> _Problem description_
Set down, please, exactly the lines below that run from the line with "GEO (BACHILLERATO) AULA" to the line with "Mikolaj_Wojtkowiak_projektant_designer", both lines included.

> _Data extracts_
+--

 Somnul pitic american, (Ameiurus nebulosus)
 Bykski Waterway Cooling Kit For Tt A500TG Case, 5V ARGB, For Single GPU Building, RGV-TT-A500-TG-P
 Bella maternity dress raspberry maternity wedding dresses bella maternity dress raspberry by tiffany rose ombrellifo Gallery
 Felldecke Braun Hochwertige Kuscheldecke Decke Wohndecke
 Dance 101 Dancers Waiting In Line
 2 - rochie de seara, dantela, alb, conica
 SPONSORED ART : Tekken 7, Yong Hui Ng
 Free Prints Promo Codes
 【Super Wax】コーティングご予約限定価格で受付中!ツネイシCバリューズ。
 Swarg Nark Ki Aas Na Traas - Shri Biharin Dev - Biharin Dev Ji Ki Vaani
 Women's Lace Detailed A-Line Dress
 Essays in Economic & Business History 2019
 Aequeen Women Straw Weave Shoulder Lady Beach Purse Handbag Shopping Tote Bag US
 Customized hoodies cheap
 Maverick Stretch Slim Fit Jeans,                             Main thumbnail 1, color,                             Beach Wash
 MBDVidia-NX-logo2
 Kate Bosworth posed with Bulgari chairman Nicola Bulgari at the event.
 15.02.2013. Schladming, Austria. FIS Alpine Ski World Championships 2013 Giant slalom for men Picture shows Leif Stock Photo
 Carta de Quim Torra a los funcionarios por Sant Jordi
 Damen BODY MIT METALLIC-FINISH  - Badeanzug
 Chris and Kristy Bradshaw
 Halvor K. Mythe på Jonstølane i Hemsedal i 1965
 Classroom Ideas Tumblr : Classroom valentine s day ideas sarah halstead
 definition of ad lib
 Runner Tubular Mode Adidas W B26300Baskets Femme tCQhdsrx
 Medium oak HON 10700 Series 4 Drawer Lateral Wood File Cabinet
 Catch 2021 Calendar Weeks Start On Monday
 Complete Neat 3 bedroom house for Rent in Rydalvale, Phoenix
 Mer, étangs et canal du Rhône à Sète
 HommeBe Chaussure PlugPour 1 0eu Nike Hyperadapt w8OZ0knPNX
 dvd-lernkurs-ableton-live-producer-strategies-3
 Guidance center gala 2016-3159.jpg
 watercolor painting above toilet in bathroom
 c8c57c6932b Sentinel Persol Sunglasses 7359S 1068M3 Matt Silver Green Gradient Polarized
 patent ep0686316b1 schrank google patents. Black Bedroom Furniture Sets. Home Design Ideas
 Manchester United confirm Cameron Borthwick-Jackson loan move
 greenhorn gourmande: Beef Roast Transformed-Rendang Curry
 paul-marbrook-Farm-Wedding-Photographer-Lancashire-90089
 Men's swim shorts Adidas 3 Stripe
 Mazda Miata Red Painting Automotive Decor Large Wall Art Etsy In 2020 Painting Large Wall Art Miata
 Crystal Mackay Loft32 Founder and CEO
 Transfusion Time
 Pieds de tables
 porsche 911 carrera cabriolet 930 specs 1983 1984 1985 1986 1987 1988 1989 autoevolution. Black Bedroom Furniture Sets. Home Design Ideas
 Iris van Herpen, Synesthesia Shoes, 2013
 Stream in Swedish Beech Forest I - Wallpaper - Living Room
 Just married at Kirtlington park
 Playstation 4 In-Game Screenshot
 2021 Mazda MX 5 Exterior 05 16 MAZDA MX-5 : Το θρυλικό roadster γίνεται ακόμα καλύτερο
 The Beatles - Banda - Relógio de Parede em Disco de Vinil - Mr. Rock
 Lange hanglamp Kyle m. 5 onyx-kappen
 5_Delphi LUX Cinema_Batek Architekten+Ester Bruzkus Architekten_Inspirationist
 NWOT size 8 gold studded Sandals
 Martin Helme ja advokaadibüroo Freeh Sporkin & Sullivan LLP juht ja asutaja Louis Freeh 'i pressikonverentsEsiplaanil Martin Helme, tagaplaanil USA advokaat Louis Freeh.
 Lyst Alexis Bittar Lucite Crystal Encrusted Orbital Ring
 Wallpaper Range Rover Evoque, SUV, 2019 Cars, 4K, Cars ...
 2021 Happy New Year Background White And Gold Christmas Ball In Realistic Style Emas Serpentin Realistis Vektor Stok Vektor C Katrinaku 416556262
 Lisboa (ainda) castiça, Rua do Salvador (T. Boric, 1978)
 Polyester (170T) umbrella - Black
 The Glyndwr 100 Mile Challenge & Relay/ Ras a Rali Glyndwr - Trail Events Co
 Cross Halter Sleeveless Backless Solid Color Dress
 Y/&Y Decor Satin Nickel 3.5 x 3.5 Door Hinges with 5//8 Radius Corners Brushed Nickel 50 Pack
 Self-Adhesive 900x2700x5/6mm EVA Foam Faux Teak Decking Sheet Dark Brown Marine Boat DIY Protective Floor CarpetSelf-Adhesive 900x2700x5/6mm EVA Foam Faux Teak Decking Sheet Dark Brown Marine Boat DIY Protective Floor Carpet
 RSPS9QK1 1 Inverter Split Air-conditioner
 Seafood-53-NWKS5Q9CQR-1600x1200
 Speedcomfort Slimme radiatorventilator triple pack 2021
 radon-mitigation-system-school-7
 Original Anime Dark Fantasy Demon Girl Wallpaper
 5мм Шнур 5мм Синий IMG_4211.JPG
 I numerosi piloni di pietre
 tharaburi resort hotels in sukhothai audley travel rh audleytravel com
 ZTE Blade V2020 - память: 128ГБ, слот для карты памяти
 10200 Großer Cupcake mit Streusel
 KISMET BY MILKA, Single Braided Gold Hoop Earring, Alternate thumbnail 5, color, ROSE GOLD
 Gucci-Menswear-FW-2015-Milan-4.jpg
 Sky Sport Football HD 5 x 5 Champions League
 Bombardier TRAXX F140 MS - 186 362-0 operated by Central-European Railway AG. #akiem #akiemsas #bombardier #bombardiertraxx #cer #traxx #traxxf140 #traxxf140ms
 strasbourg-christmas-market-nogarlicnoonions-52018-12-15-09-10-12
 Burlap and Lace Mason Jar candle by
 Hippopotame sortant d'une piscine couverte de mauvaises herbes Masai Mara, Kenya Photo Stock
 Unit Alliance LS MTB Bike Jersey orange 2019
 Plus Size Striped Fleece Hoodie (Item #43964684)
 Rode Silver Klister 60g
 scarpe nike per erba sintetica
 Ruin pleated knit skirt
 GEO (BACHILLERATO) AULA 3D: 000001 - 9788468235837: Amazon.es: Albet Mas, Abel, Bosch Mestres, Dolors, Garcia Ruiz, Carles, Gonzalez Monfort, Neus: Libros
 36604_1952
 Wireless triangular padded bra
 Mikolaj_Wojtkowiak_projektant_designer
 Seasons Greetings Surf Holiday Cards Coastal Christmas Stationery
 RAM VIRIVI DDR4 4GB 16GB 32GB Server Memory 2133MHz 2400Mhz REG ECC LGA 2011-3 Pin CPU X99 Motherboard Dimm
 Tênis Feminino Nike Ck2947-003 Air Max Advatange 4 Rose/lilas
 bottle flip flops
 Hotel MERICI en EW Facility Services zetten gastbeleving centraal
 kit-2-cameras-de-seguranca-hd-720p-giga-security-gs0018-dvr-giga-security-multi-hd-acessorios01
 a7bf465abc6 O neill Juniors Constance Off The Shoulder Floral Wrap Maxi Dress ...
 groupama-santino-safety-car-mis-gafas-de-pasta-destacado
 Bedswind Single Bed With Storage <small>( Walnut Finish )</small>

+--

> _Reply to the task_
 GEO (BACHILLERATO) AULA 3D: 000001 - 9788468235837: Amazon.es: Albet Mas, Abel, Bosch Mestres, Dolors, Garcia Ruiz, Carles, Gonzalez Monfort, Neus: Libros
 36604_1952
 Wireless triangular padded bra
 Mikolaj_Wojtkowiak_projektant_designer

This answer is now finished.